But this subject has its difficulties also; and though men of no common learning have addressed themselves to the task, these difficulties have not been thoroughly overcome. Dr. Jortin's 'Life' or rather annals of the life, of Erasmus' erected on the foundation of Le Clerc, has, indeed, met with a pretty general reception. The materials appear to have been collected with great diligence, and digested with considerable judgement. There is a profusion of such learning as could be introduced; and the work abounds with remarks, which though neither very profound, nor very original, are, for the most part, sound and judicious. With an evident bias in favour of Erasmus, his biographer does not carry it so far as to pass without censure the errors of his conduct or the defects of his character. But after all, it may be objectedand apparently with a degree of justice-that the book is extended to too great a length, and encumbered with a prodigious quantity of useless matter: that the episodes relative to the contemporaries of his principal personage, though they serve to display the extent of the author's learning, and often possess considerable interest, are frequently mere loose threads, instead of constituent parts, interwoven with the substance of the narrative: that there is a lamentable want of philosophical reflection that the style and humour are at times inconsistent with historical dignity: and, in a word, that the work tends rather to facilitate the labours of some future biographer, or historian, than to convey information in the most agreeable manner to general readers.

Of the abridgement before us, we have little to say. We took it up, intending to compare it with another that appeared a few years ago; but we found it quite unnecessary to proceed any farther than the title-page. The sole difference consists in this; that whereas the former was the production of A. Cayley, Esq. and published by Messrs. Cadell and Davies, the latter bears the name of A. Laycey Esq. and issues from the Temple of the Muses, Finsbury square." Without venturing a conjecture on this remarkable fact, it may be sufficient to observe, that Mr. Cayley' otherwise Laycey, has had a very easy task to perform; and that, though his book may be looked over with some advantage by the mere reader, it is of little use to him who wishes to study the life of Erasmus with attention; since he must perpetually recur to the volumes of Jortin to know who is the author, or

what is the authority, of any particular paragraph of the abridgement.

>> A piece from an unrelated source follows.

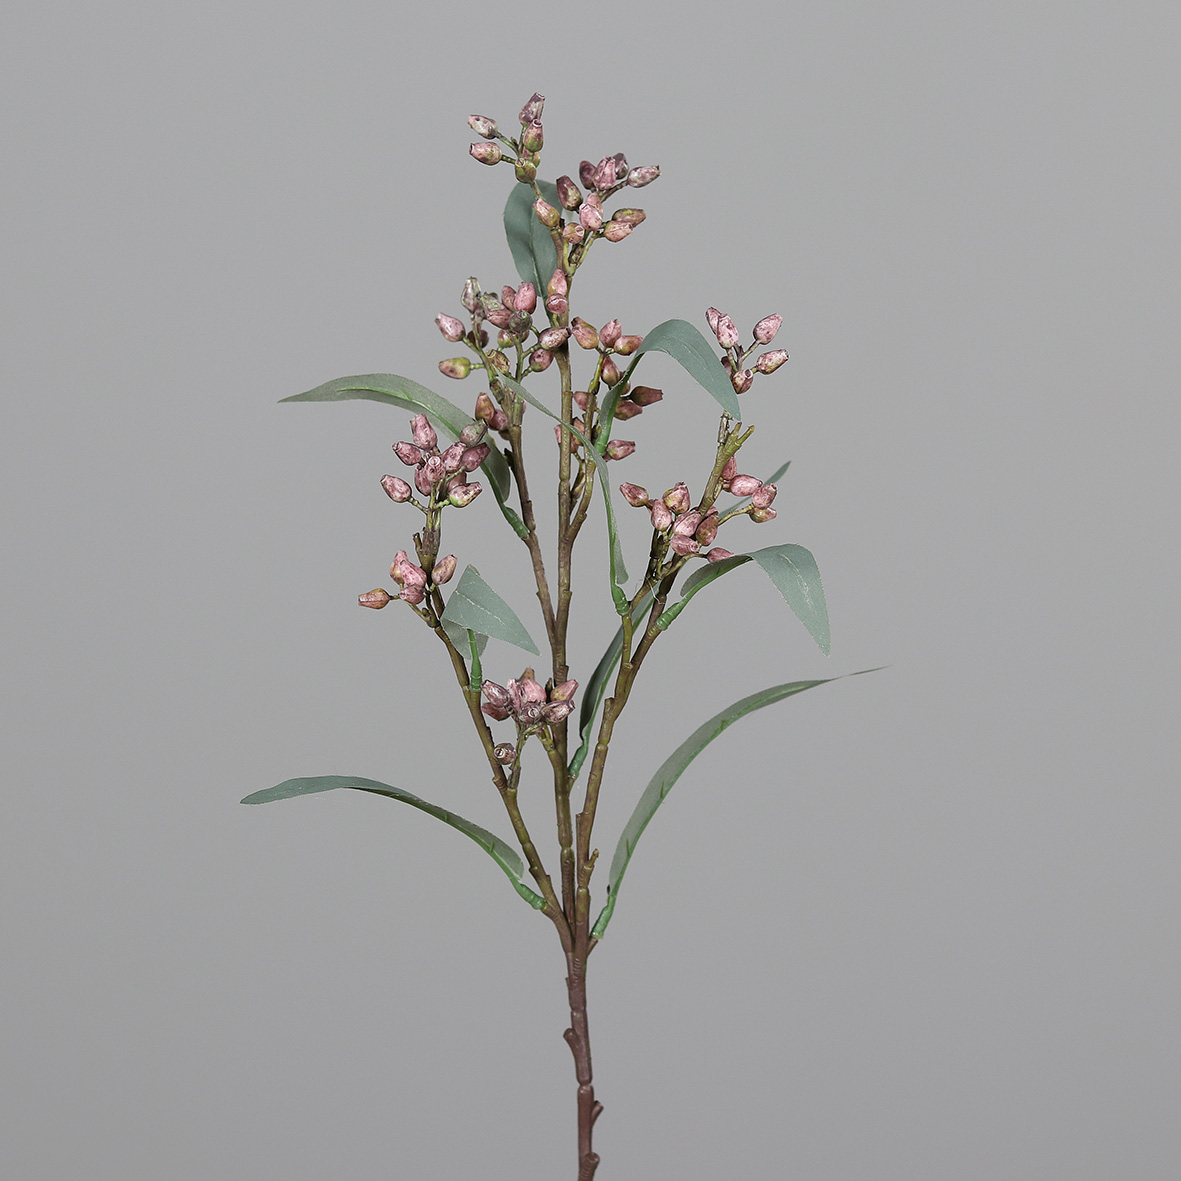 Eukalyptuszweig Blütenknospen 54cm dunkel-rosa DP Kunstblumen künstlicher Eukalyptus Zweige Blumen
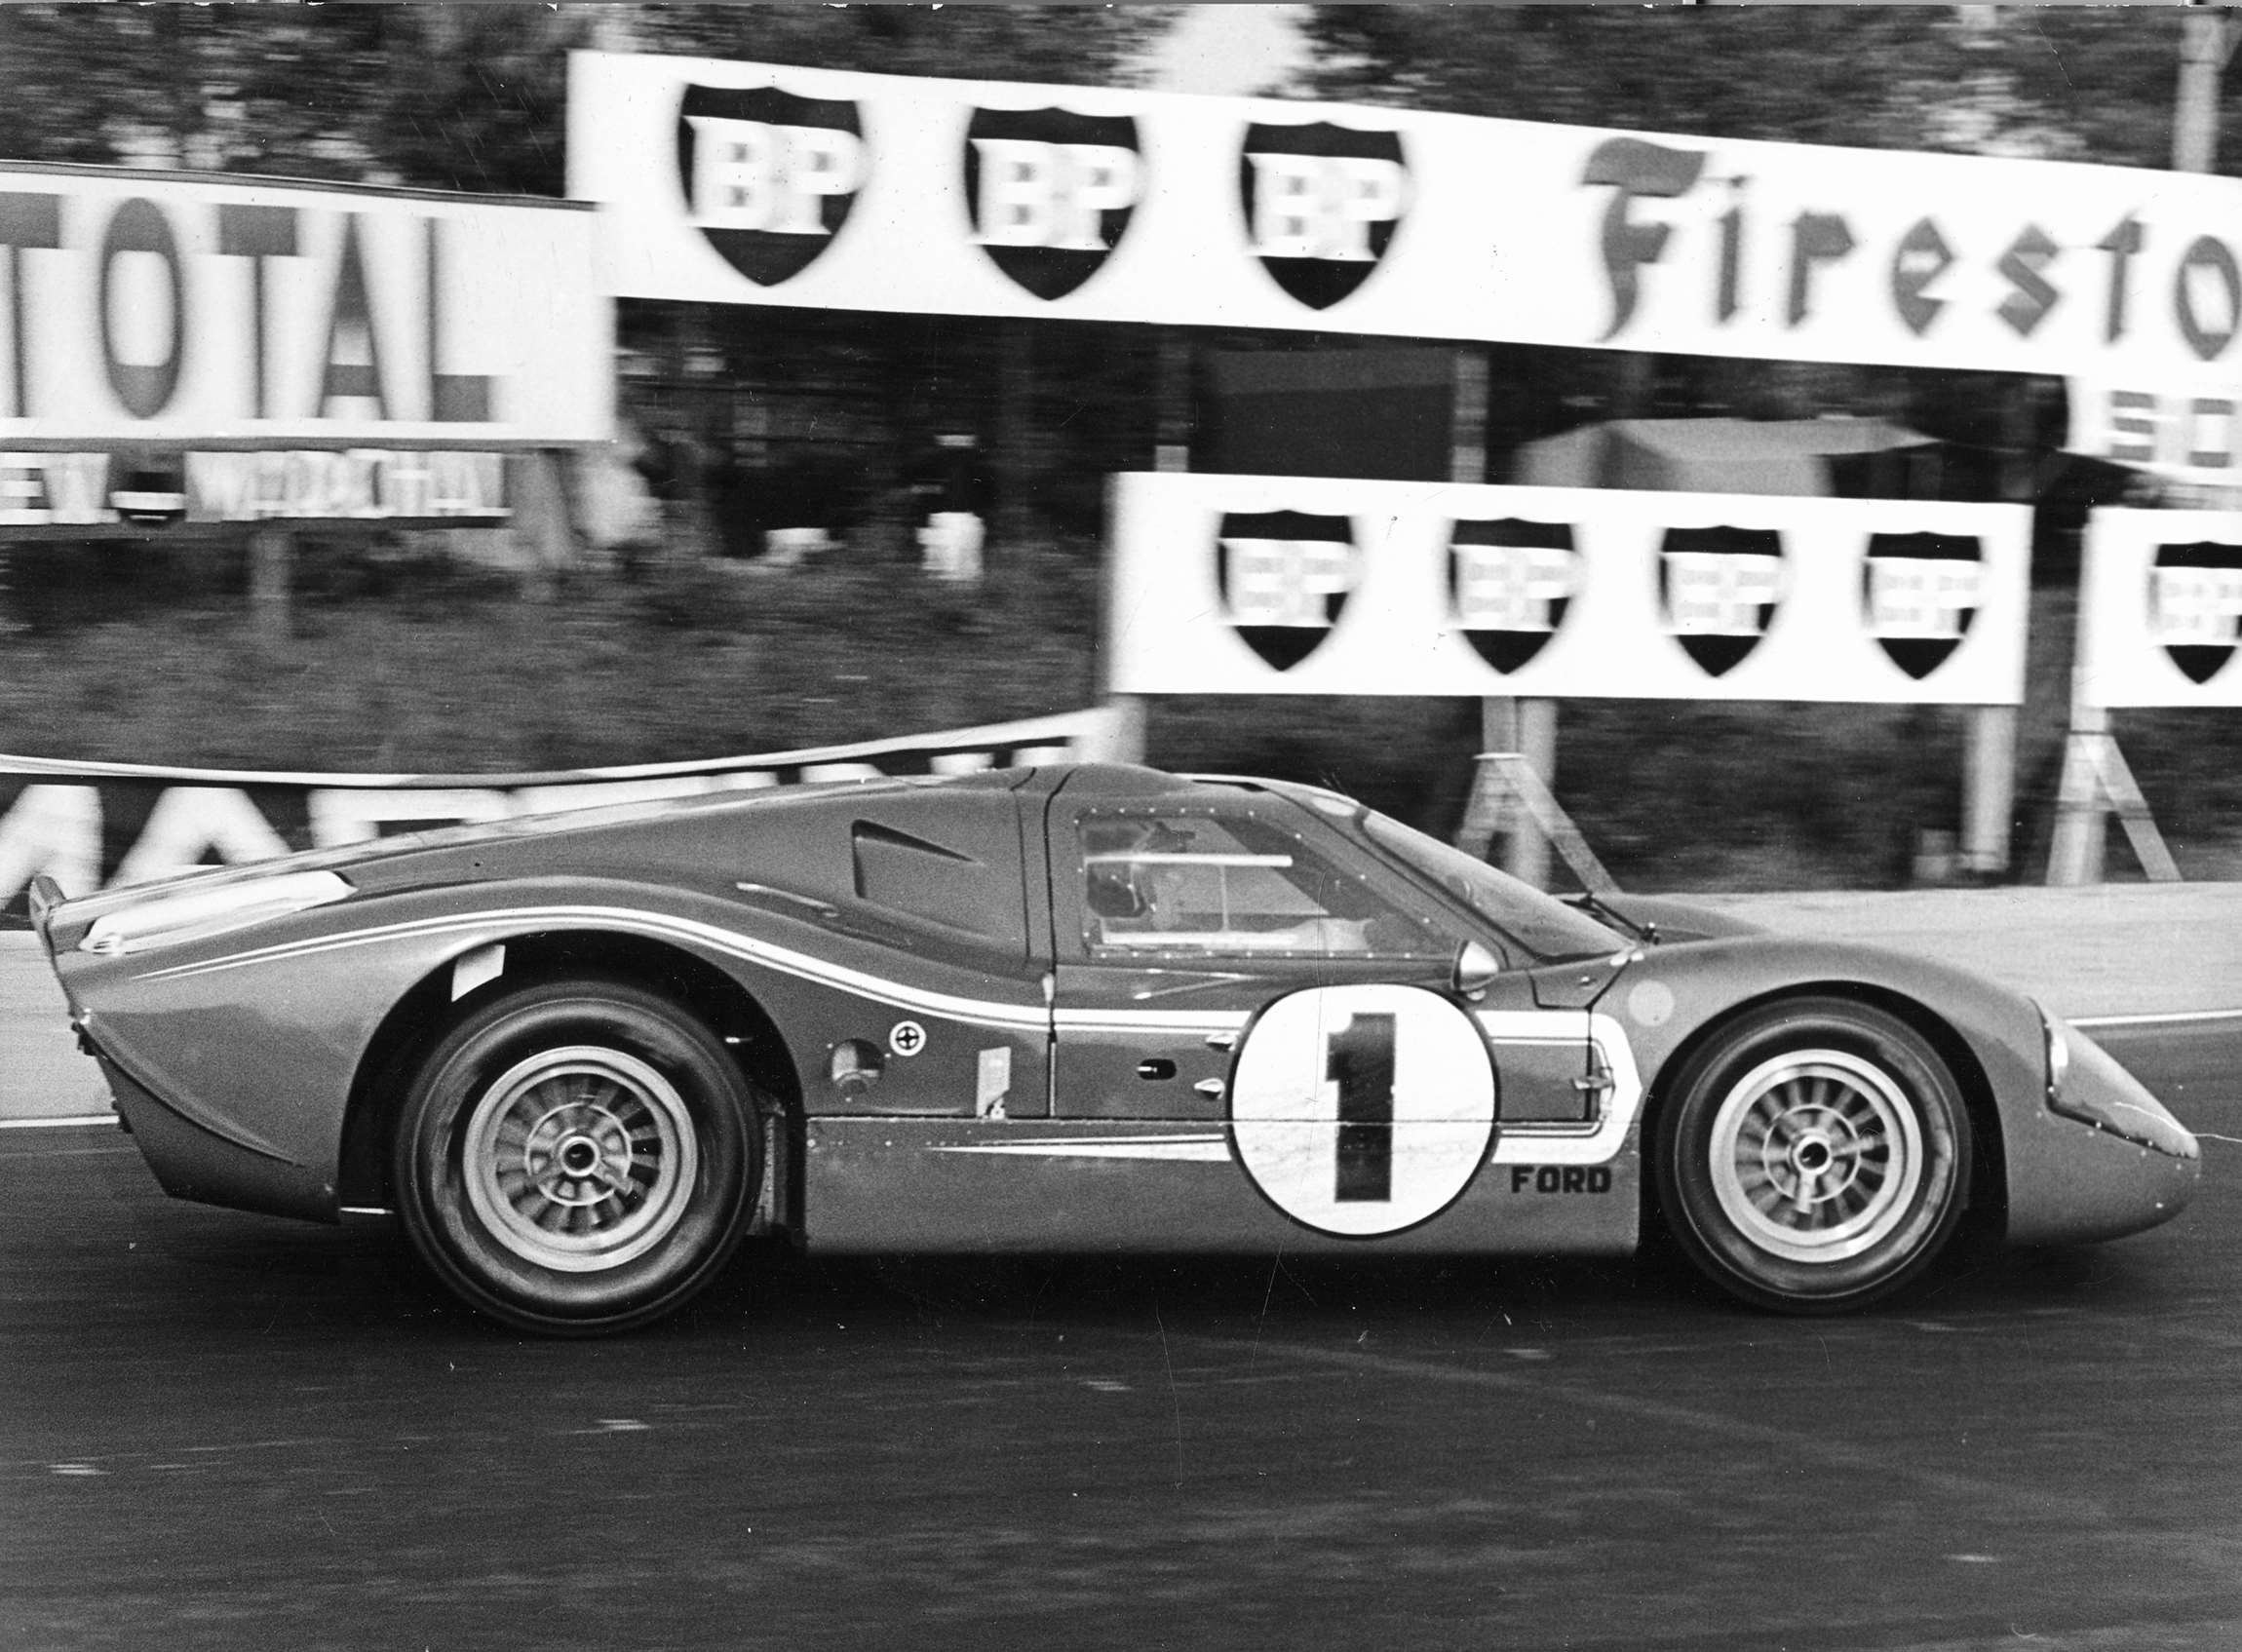 gpl-1967-le-mans-24hrs-winning-ford-mark-iv-shared-with-dan-gurney-at-mulsanne-corner.jpg

The works of Erasmus, amounting to ten large folios, are a sufficient proof, if we had no other, of his amazing devotedness to learning. To this, which was his prevailing passion, may be traced, in a great measure, the excellences as well as defects of his character. Hence arose his violent and perpetual struggles with the monks,-the freedom of ridicule and censure which he made use of in exposing their ignorance and impudence, his constant refusal of all presents and pensions that could have deprived him of independance, -and his diligent exertions to propagate among his contemporaries a taste for polite literature, and promote an intimate acquaintance with the ancients. Considering the great as the natural patrons of learning, he sometimes condescended to flatter their vanity, and sometimes assailed them with loud complaints of the poverty and infelicity of learned men. He enumerates his own labours with great self-complacency; laments, in terms truly pathetic, the hard fate that exposed him to the attacks of illiterate and barbarous, but cruel and implacable enemies; and very modestly importunes his friends and patrons to silence their clamours by the strong hand of power. In his apprehension, learning possessed certain absolute, intrinsic attractions, which were not to be estimated by their tendency to promote human virtue and happiness and being its most diligent and successful promoter, he not only seemed to think it quite reasonable, that he should be intitled to disseminate his opinions without restraint, and, with perfect impunity, hold up to public ridicule whatever absurdities might meet his observation-but went so far as to press with vehemence that those who writhed under his lashes might be deprived of the privilege, granted to all suffering animals, of uttering their griefs in any noises they are capable of raising, however dismal or hideous.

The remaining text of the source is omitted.